At the opposite end of the spectrum, farmers who inhabit game-rich agricultural frontiers can switch temporarily to hunting and almost lose their agricultural heritage, becoming virtual hunters and gatherers again, as did many early Polynesian populations in the Pacific Islands." Admittedly, the Pacific islands east of the Solomons had no Mesolithic hunters - the first farmers found them pristine and well stocked with wild avifaunas. But clearly it is possible for frontier Neolithic populations to masquerade as Mesolithic hunters, a

circumstance noted for the earliest Neolithic in central Europe by John Alexander (1978). Marek Zvelebil (1989) has also noted that many Neolithic sites in Europe do not appear to have actual evidence for agriculture, perhaps reflecting temporary shifts into foraging (although this could as well reflect poor preservation of organic remains).
Figure 4.6 The genesis of megalithic monuments from interaction between the LBK farming tradition and the Mesolithic "round-structure tradition" in
northwestern Europe, mid-sixth to third millennia ac, according to Andrew Sherratt 1997a.

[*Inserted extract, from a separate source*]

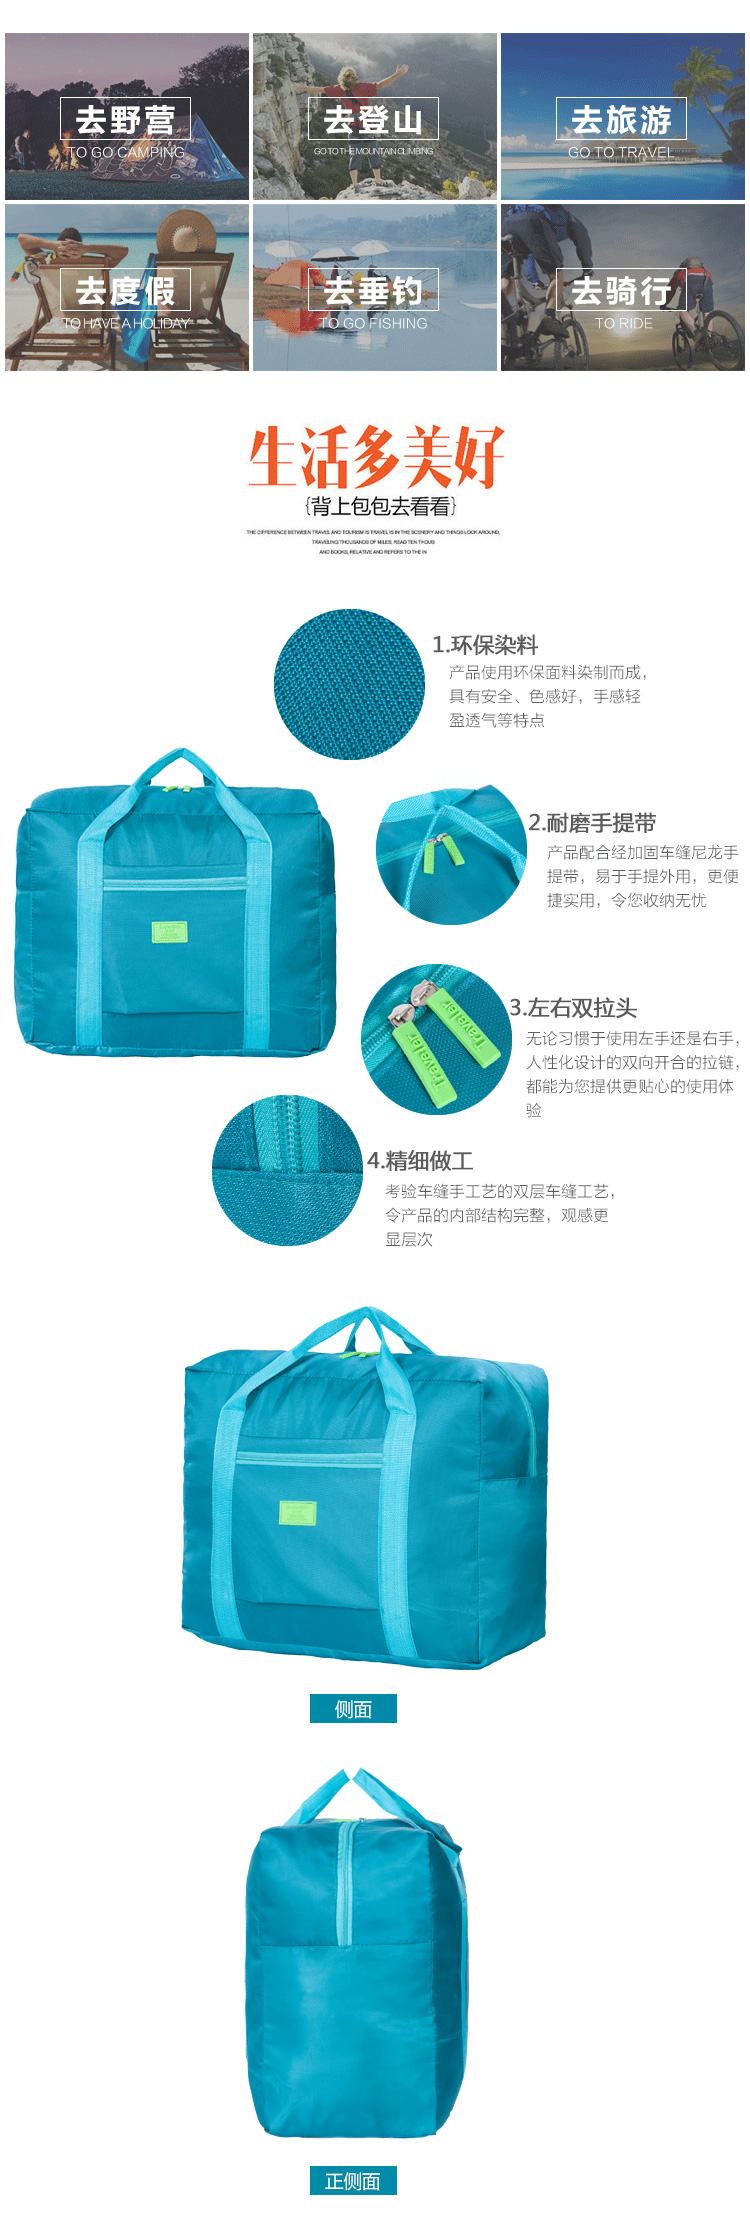 Waterproof luggage bag travel bag folding bag handbag3

There can also be side-by-side interdigitated coexistence of hunters and farmers for long periods, a situation not to be confused with the long-term and rather hostile hunter-farmer frontier suggested by Keeley for Belgium during the LBK (above). As in many ethnographic situations, hunters and farmers can exchange and coexist in a mosaic of neighboring territories. Susan Gregg (1988) favors such a scenario for LBK farmers and their presumed Mesolithic contemporaries in southern Germany. As long as there are niches, hunters can of course survive for millennia amongst farmers, but only if the conditions are right.